**The data:**
************

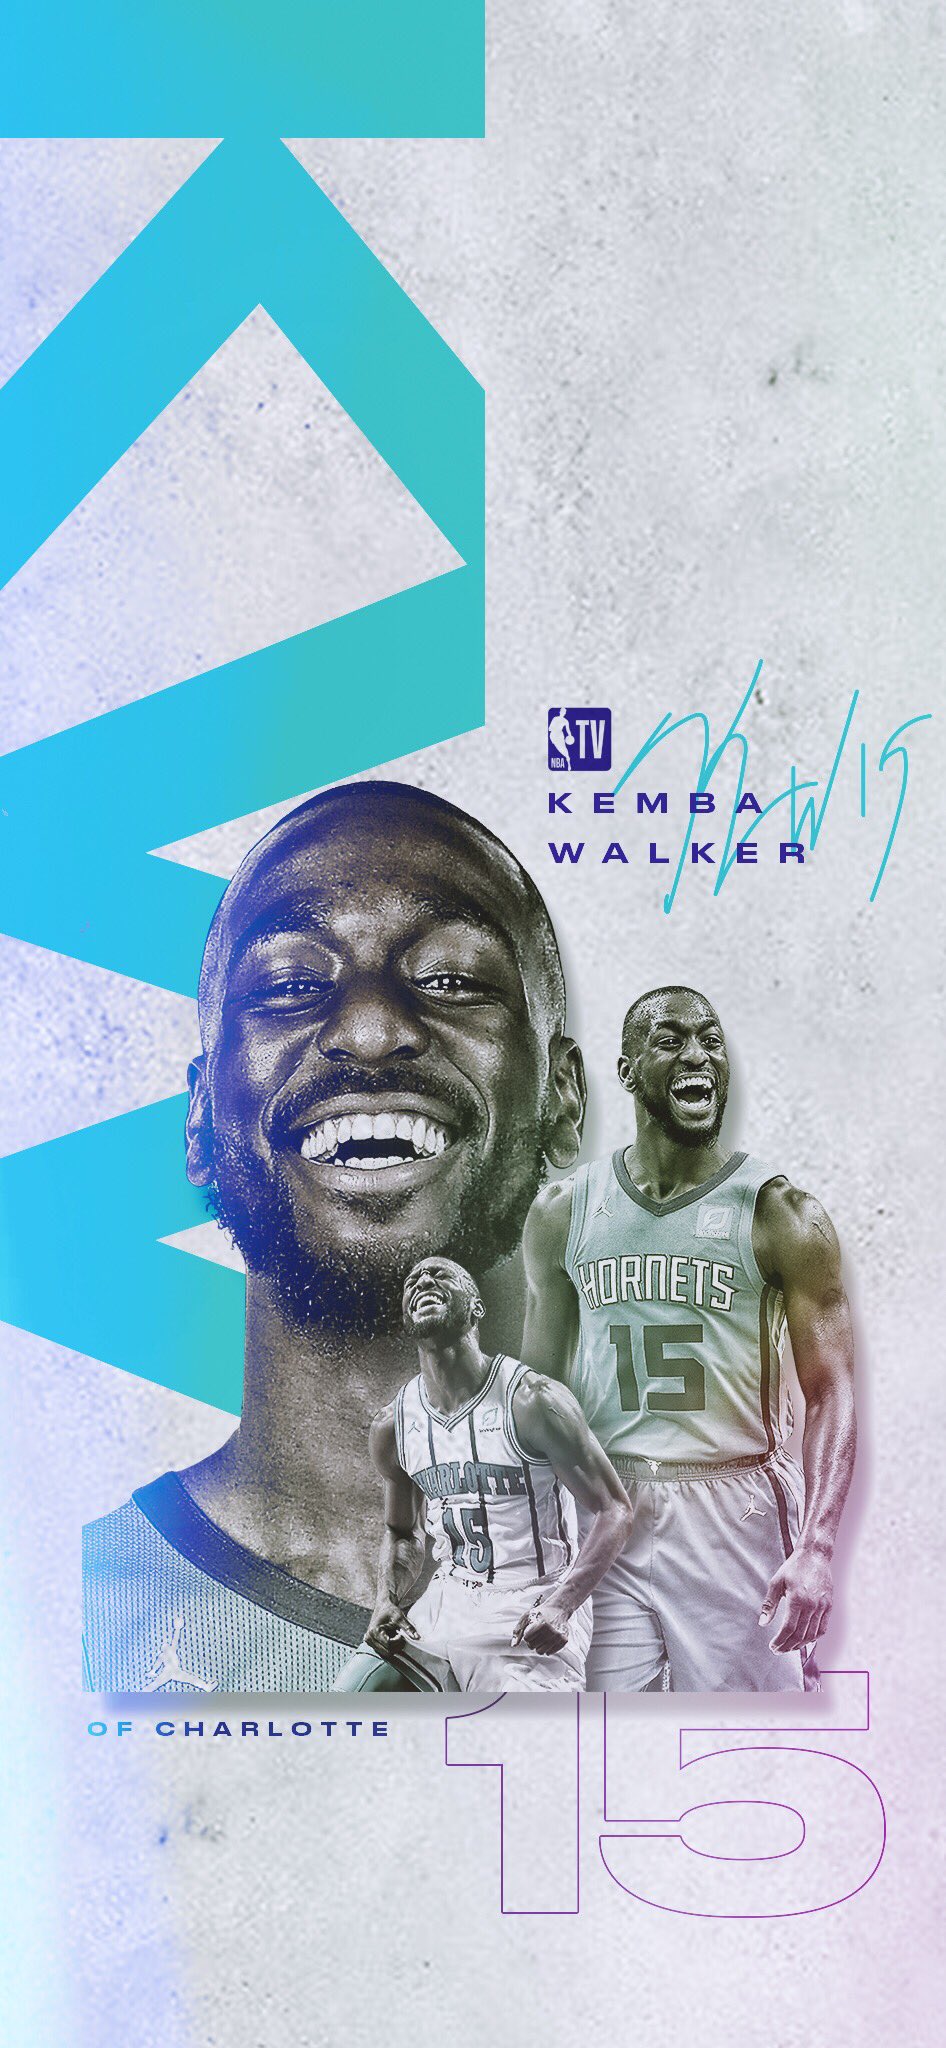 Kemba Walker wallpaper  Nba pictures Basketball wallpaper Paul walker  quotes
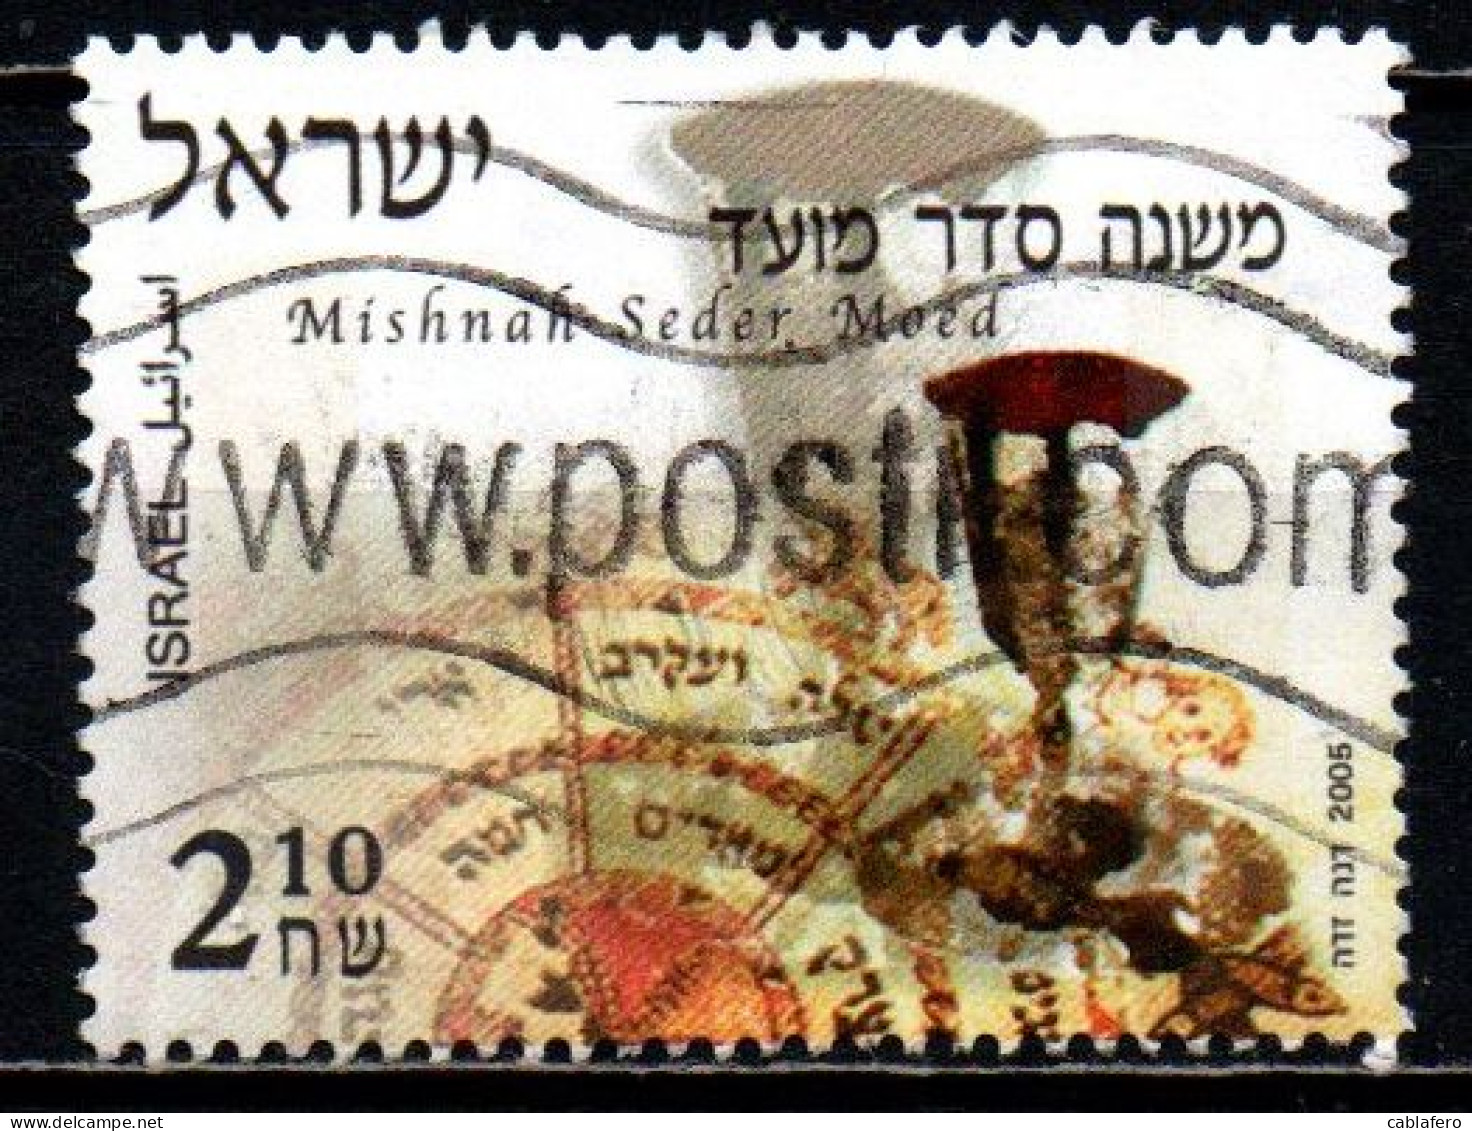 ISRAELE - 2005 - Orders Of The Mishnah - Moed - USATO - Usati (senza Tab)
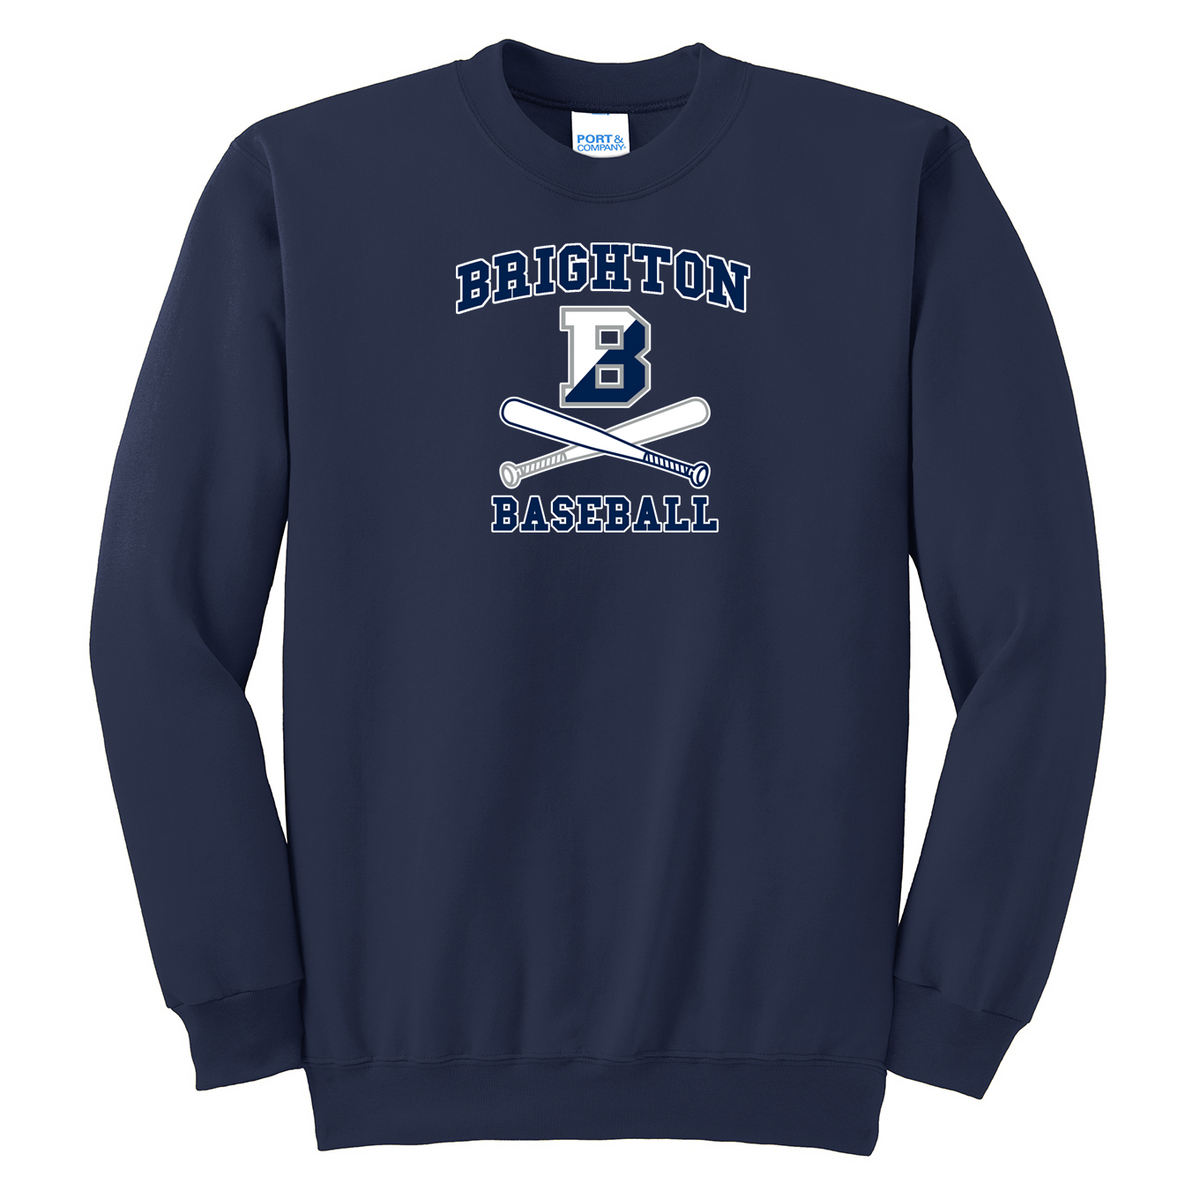 Brighton Baseball Crew Neck Sweater
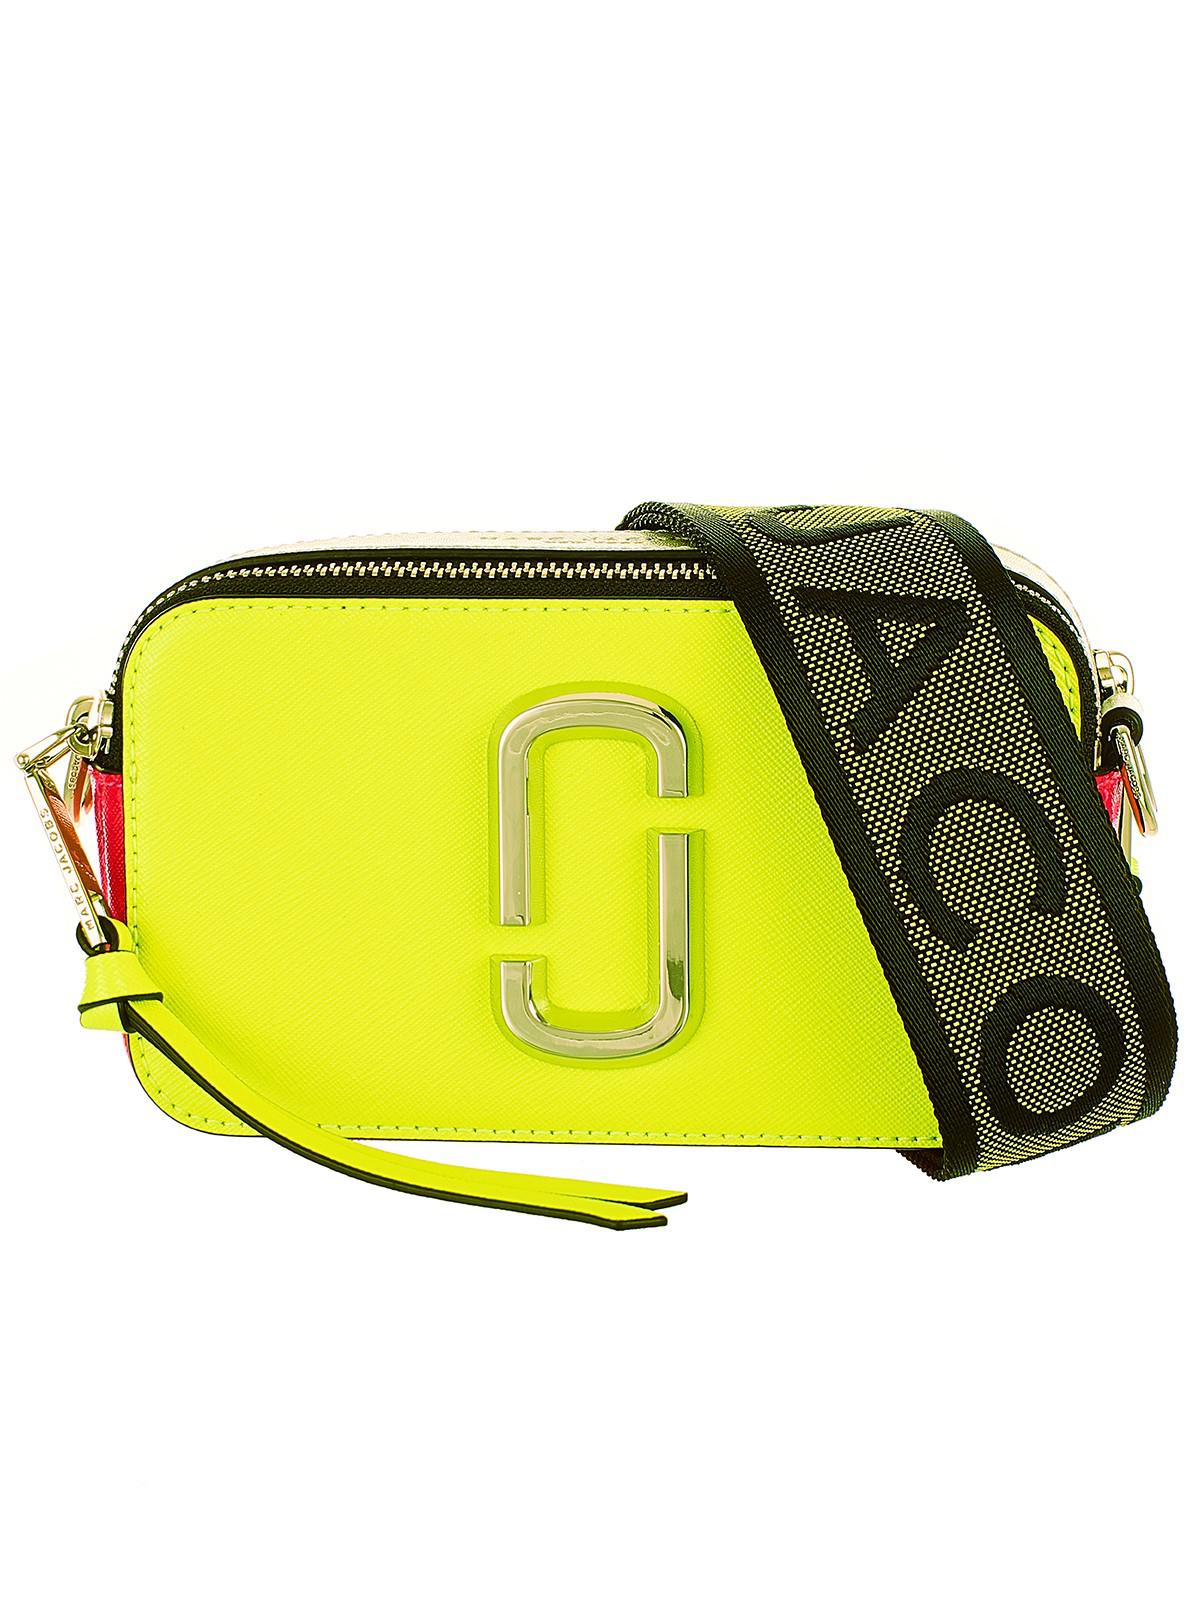 Marc Jacobs Neon Yellow Snapshot Bag - Lyst

************

**Task brief:** Please set down the data above exactly as given, leaving every picture out.

**Exercise answer:**
 Kemba Walker wallpaper  Nba pictures Basketball wallpaper Paul walker  quotes
 ISRAELE - 2005 - Orders Of The Mishnah - Moed - USATO - Usati (senza Tab)
 Brighton Baseball Crew Neck Sweater
 Marc Jacobs Neon Yellow Snapshot Bag - Lyst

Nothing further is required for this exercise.